However, different starting words will take different times because:
- candidate words are only those which come alphabetically after the starting word, so words later in the dictionary will be faster because only words which are after this one are posibble candidate words in the search tree.
- different starting words can more rapidly prune the search space, meaning that there are fewer possible candidate words in the search tree
i <- 3666 # 'jumby'
filter_words(
word_idx = i,
remaining_idx = seq.int(i+1L, length(words))
)
#> jumby pling treck vozhd waqfs
Search the entire space of five-word sets
I’ve run this sequentially in a for loop and it took about 8 hours to find the word sets.

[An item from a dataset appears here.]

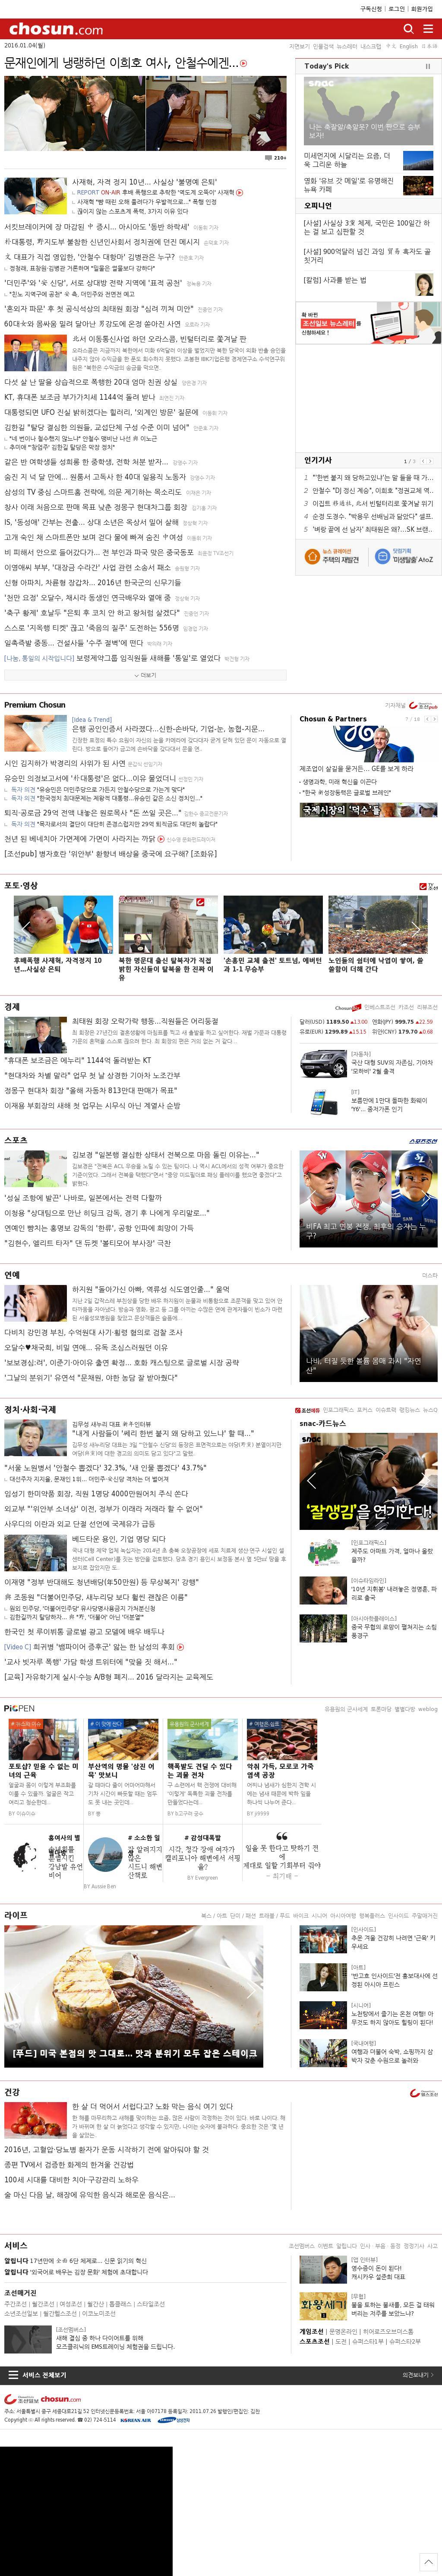 chosun.com at Monday Jan. 4, 2016, 11:03 a.m. UTC
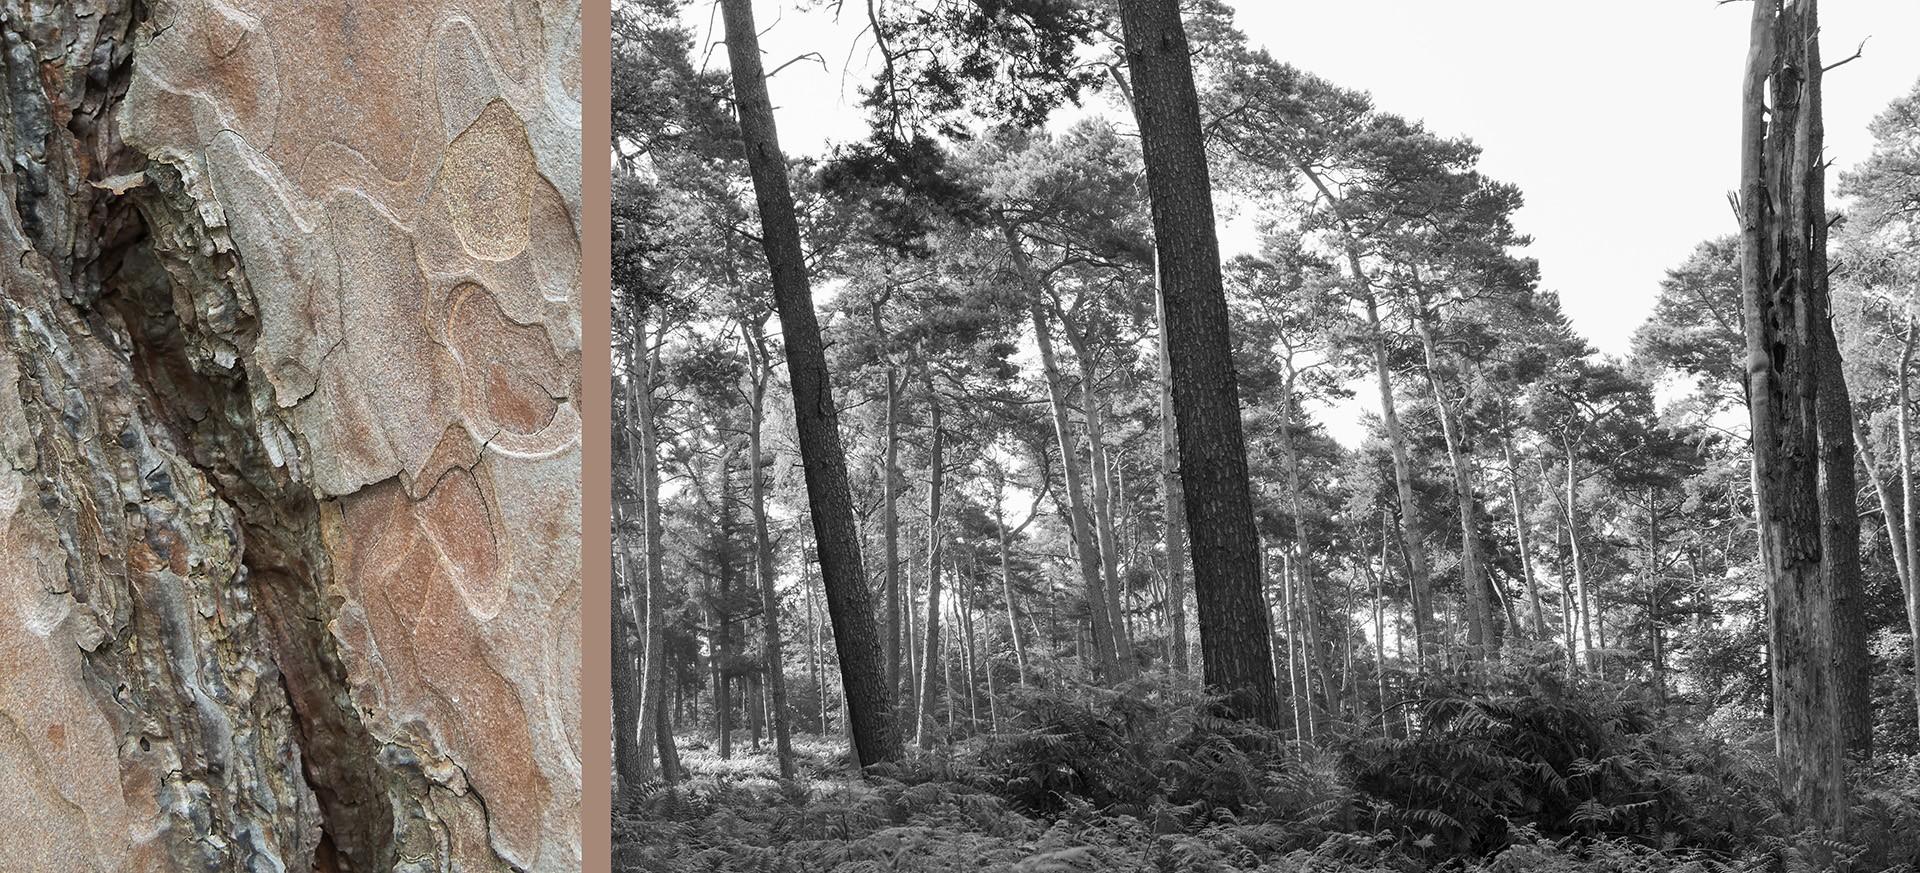 WaldRindenDoppel Kiefern I • Lambda-Print auf KODAK Pro Endura, Alu-Dibond®, 110 x 50 cm, gerahmt als Art-Box • Auflage: 5 + 2 Artist's Proof

for (i in seq_along(words)) {
filter_words(
word_idx = i,
remaining_idx = seq.int(i+1L, length(words))
)
}
bemix clunk grypt vozhd waqfs
bling jumpy treck vozhd waqfs
blunk cimex grypt vozhd waqfs
brick glent jumpy vozhd waqfs
brung cylix kempt vozhd waqfs
brung kempt vozhd waqfs xylic
chunk fjord gymps vibex waltz
clipt jumby kreng vozhd waqfs
fjord gucks nymph vibex waltz
glent jumby prick vozhd waqfs
jumby pling treck vozhd waqfs